──────── The data

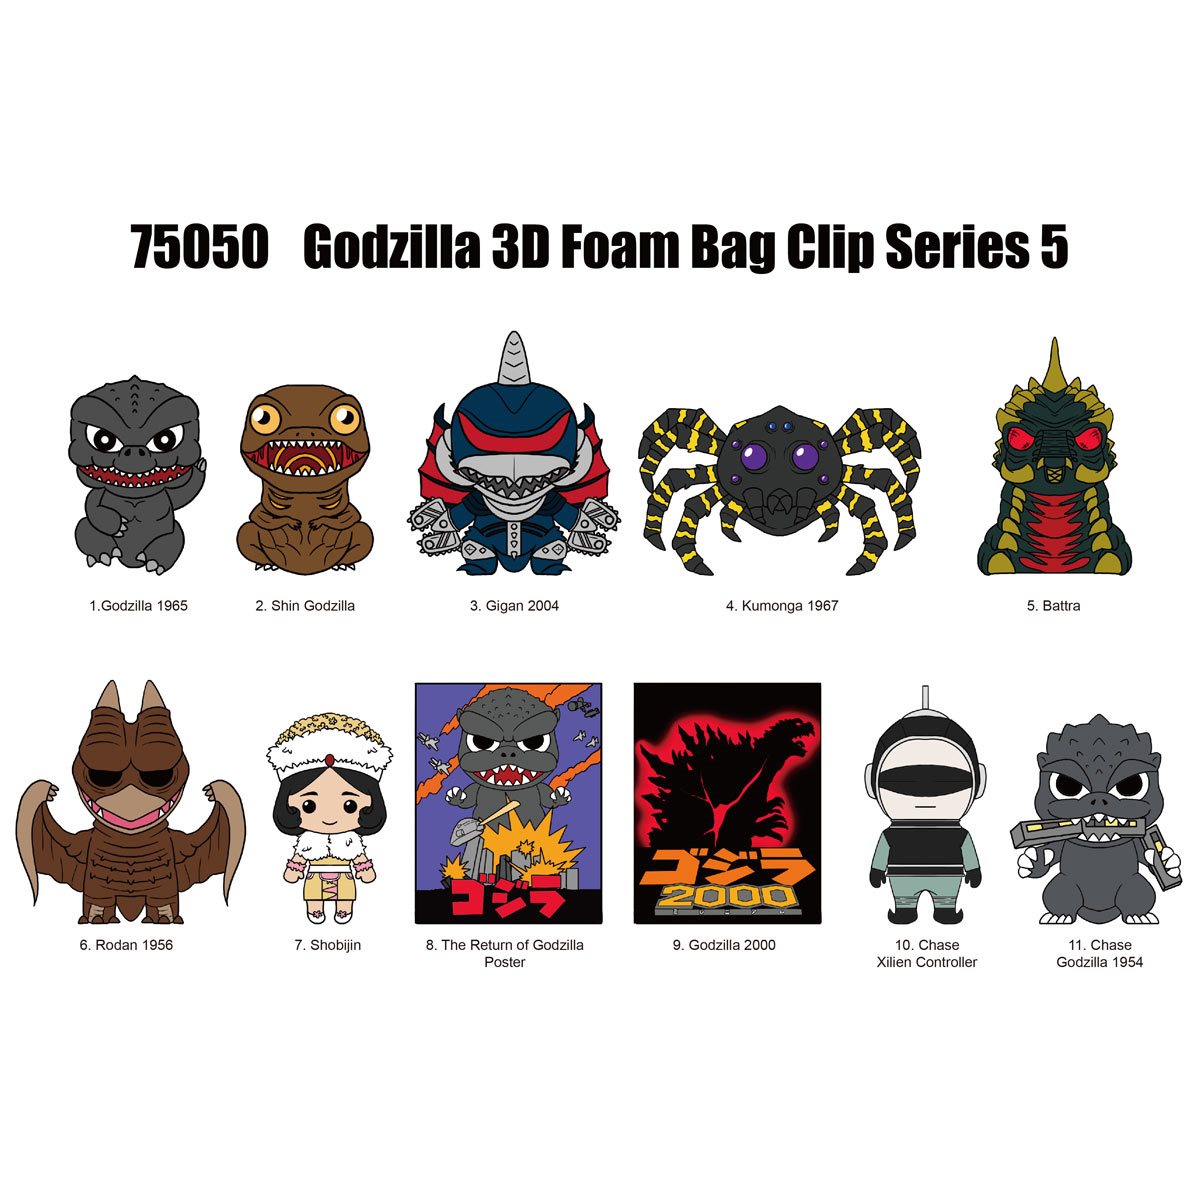 Monogram Godzilla Series 3 Blind Bag Figural Bag Clip
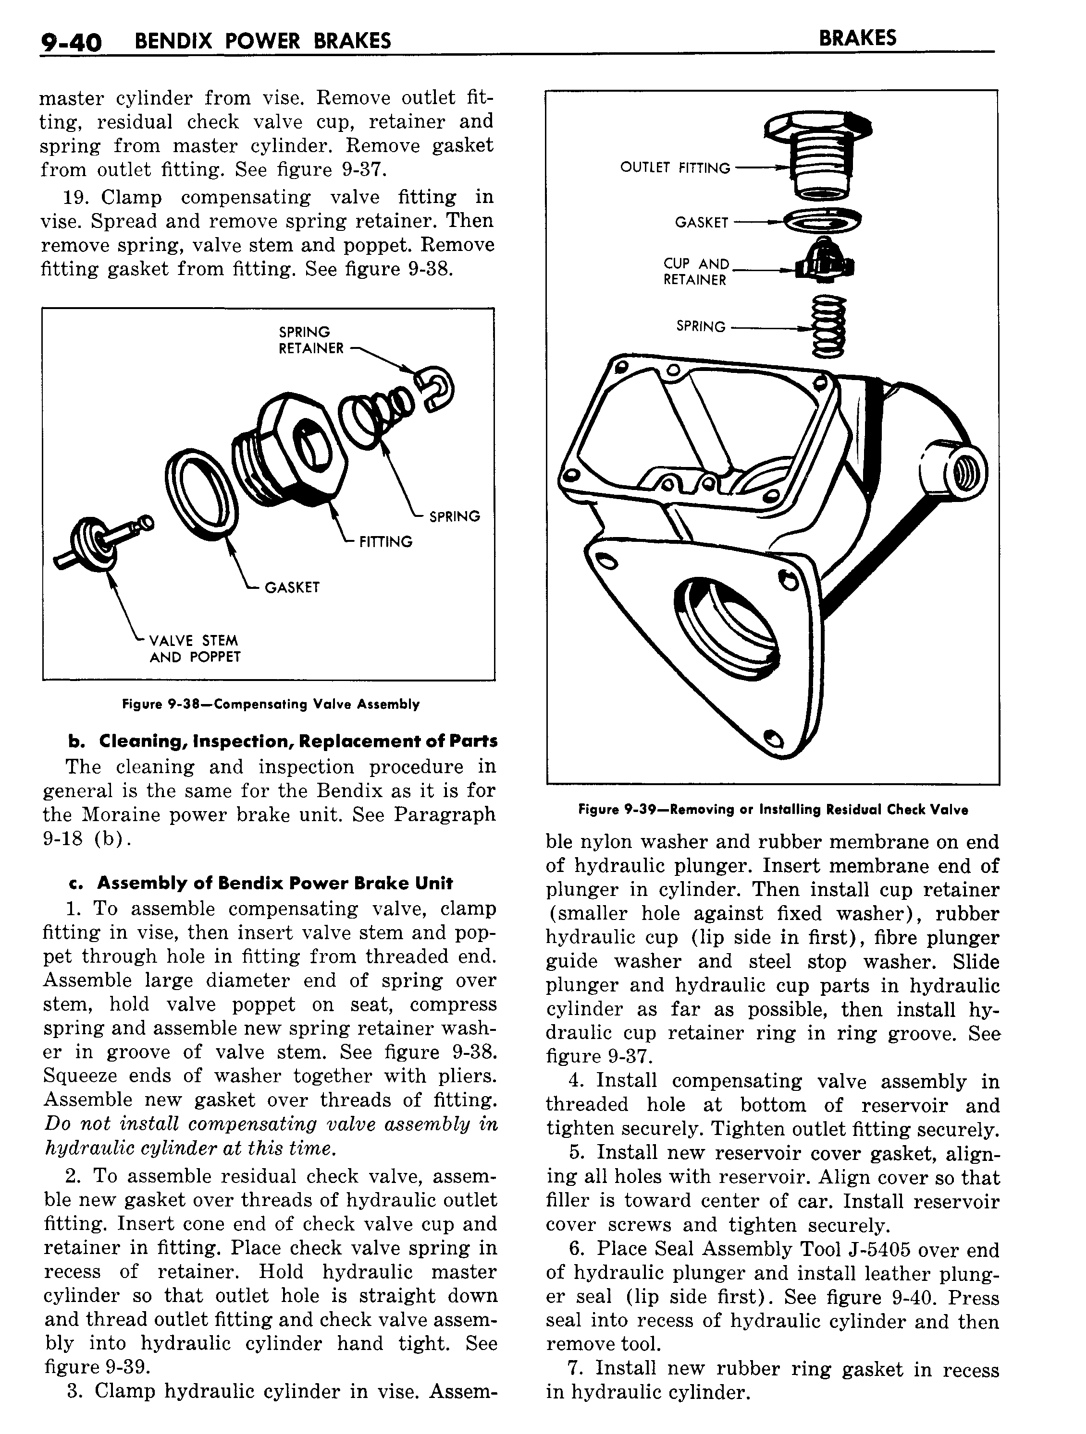 n_10 1957 Buick Shop Manual - Brakes-040-040.jpg
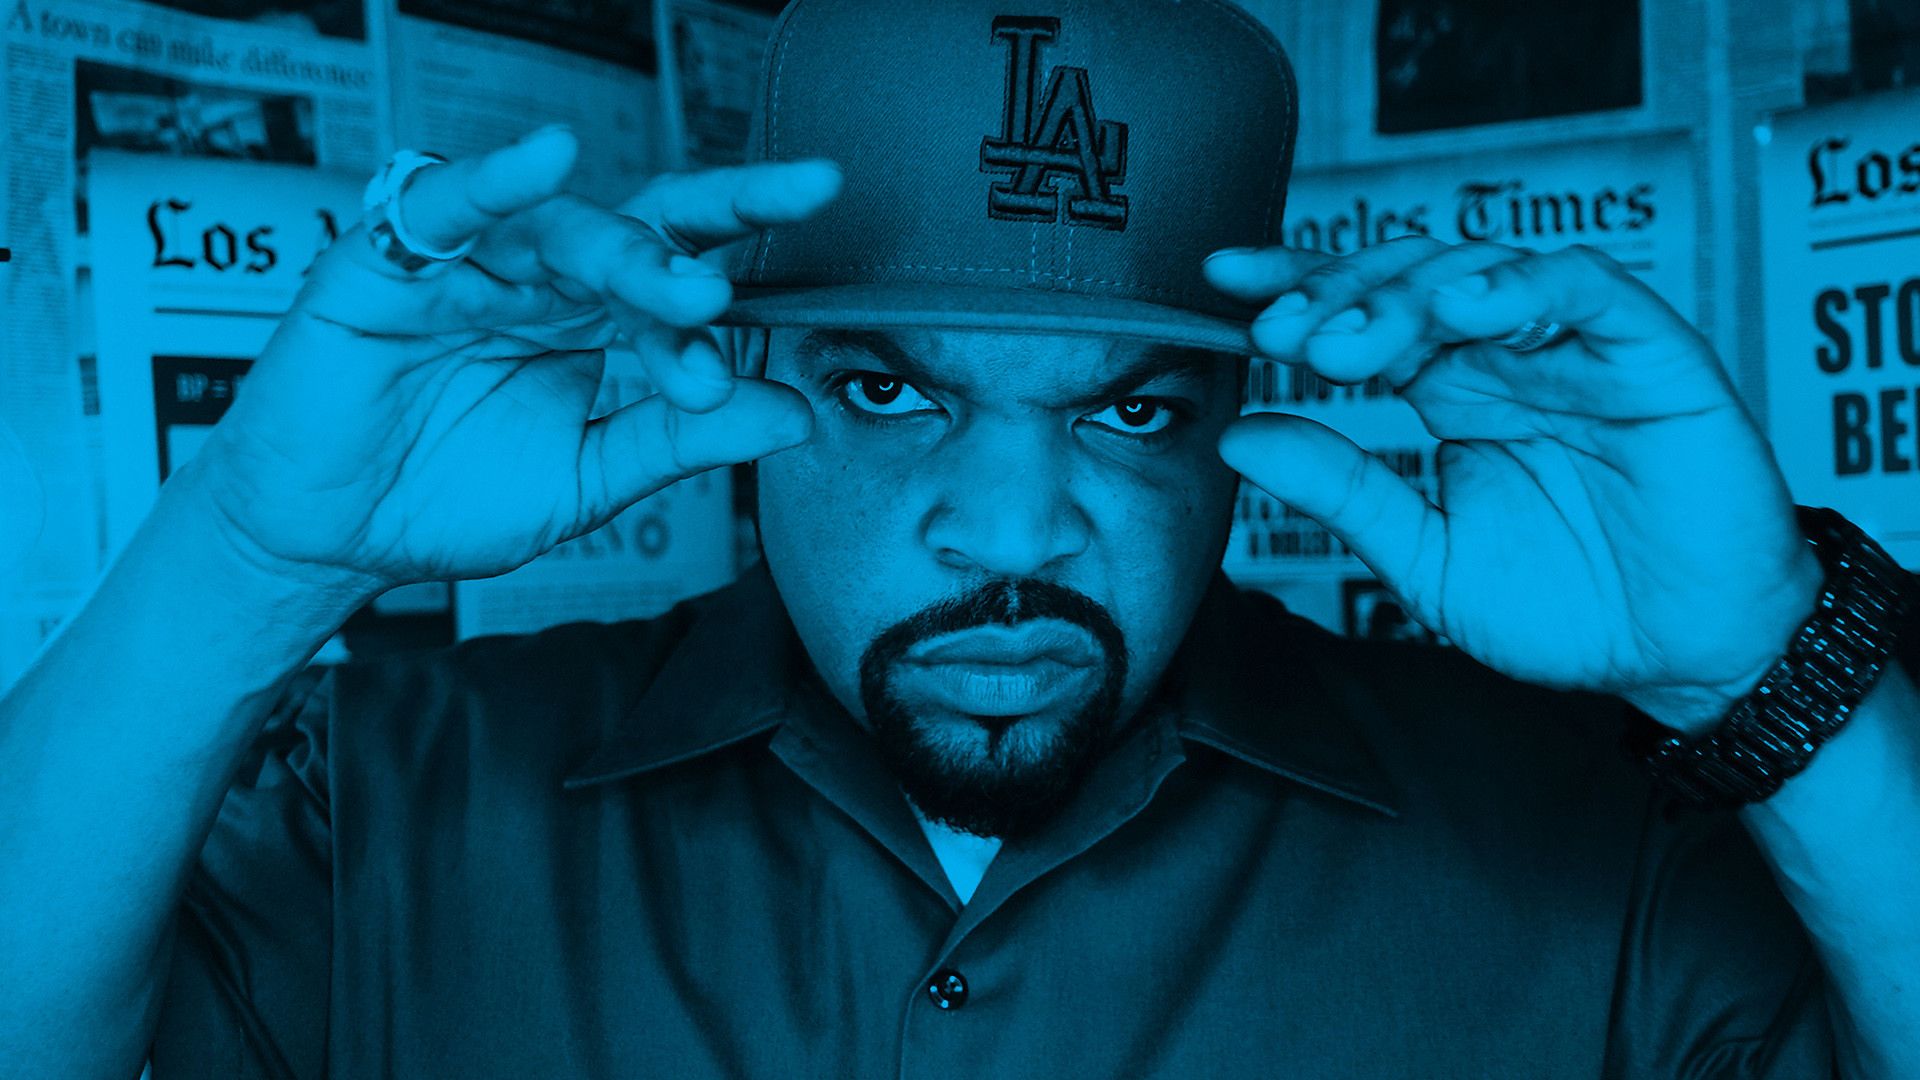 Ice cube us. Ice Cube 1989. Ice Cube Rapper. Ice Cube 2022. Ice Cube n.w.a.
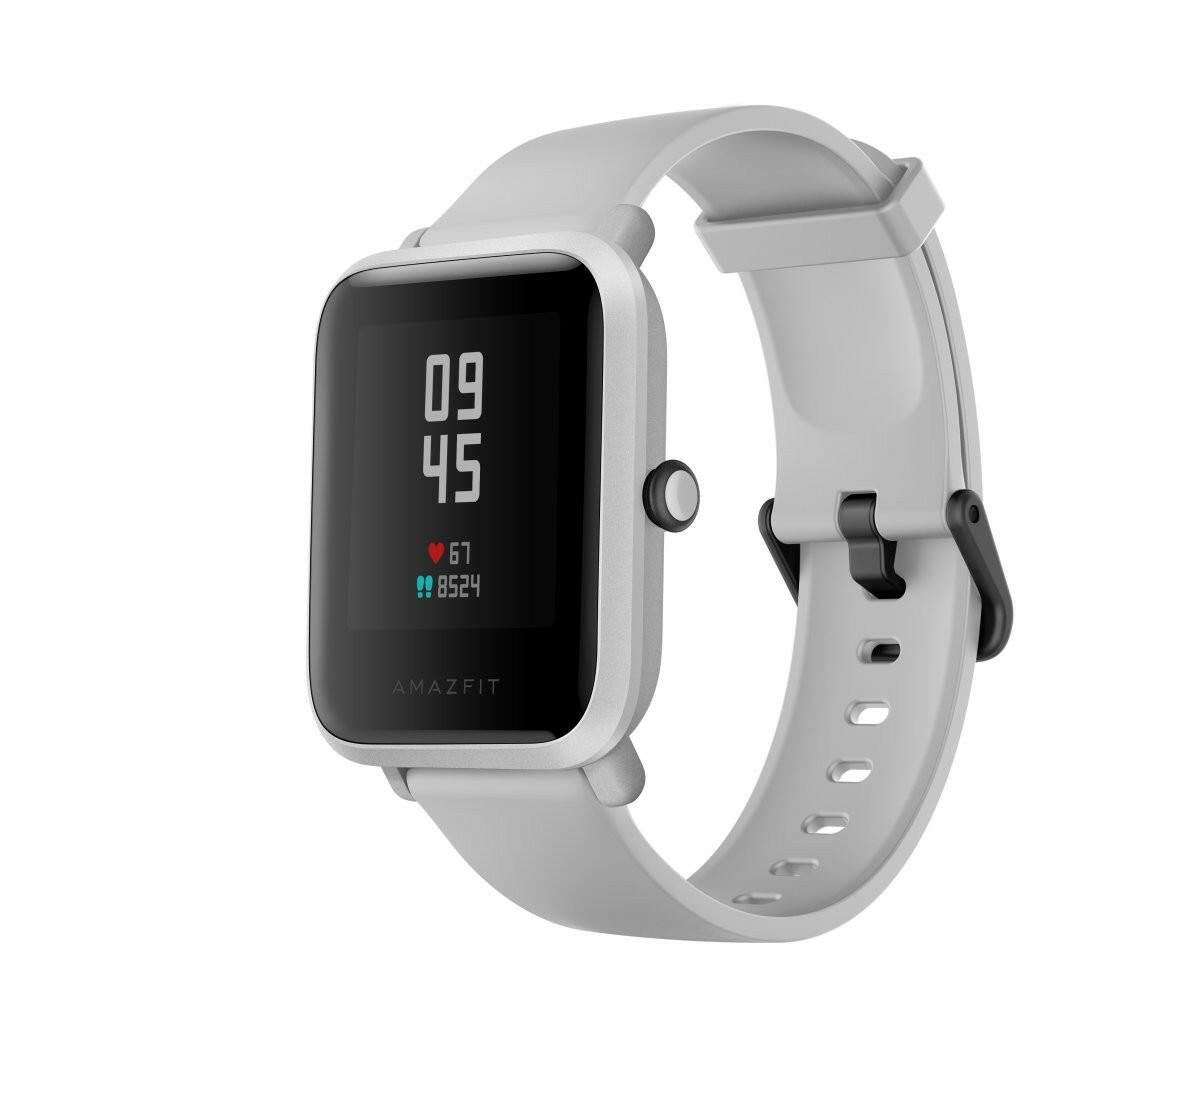 Buy Amazfit Bip S (Refurbished) Smart Watch @ ₹1499.0
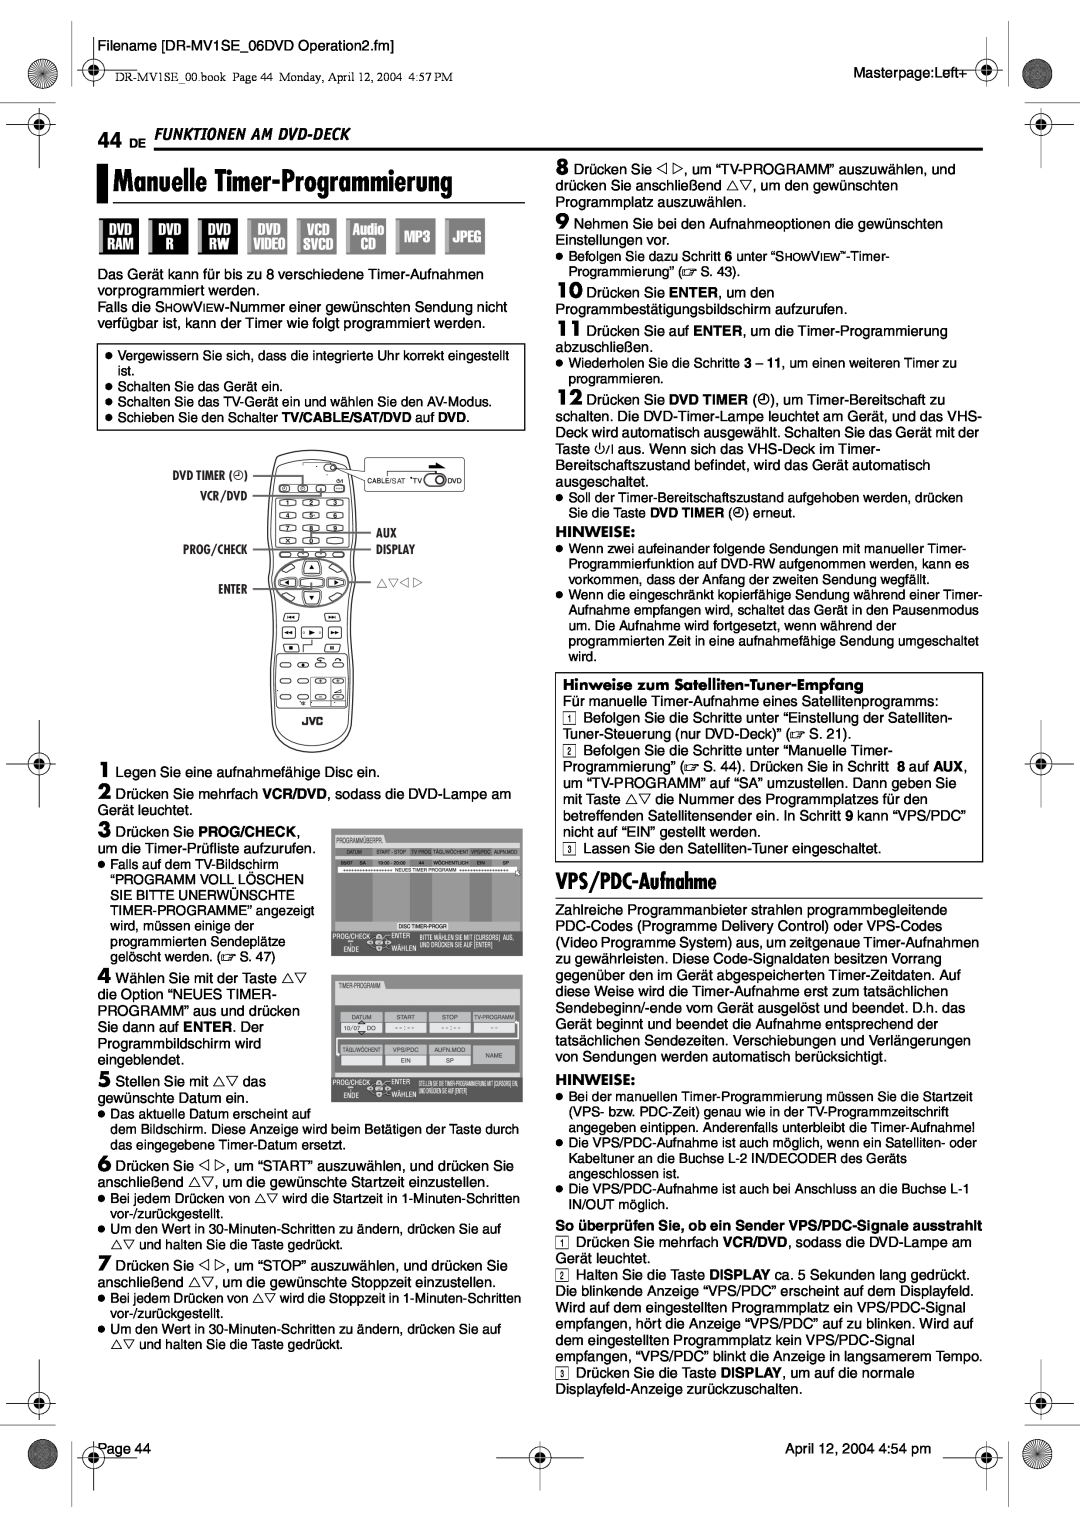 JVC DR-MV1S manual Manuelle Timer-Programmierung, VPS/PDC-Aufnahme, De Funktionen Am Dvd-Deck, Hinweise

────────────────

### About this exercise
Set down all the entries above verbatim, and include none of the pictures.

### Your solution
 Monogram Godzilla Series 3 Blind Bag Figural Bag Clip
 n_10 1957 Buick Shop Manual - Brakes-040-040.jpg
 Ice cube us. Ice Cube 1989. Ice Cube Rapper. Ice Cube 2022. Ice Cube n.w.a.
 Buy Amazfit Bip S (Refurbished) Smart Watch @ ₹1499.0
 JVC DR-MV1S manual Manuelle Timer-Programmierung, VPS/PDC-Aufnahme, De Funktionen Am Dvd-Deck, Hinweise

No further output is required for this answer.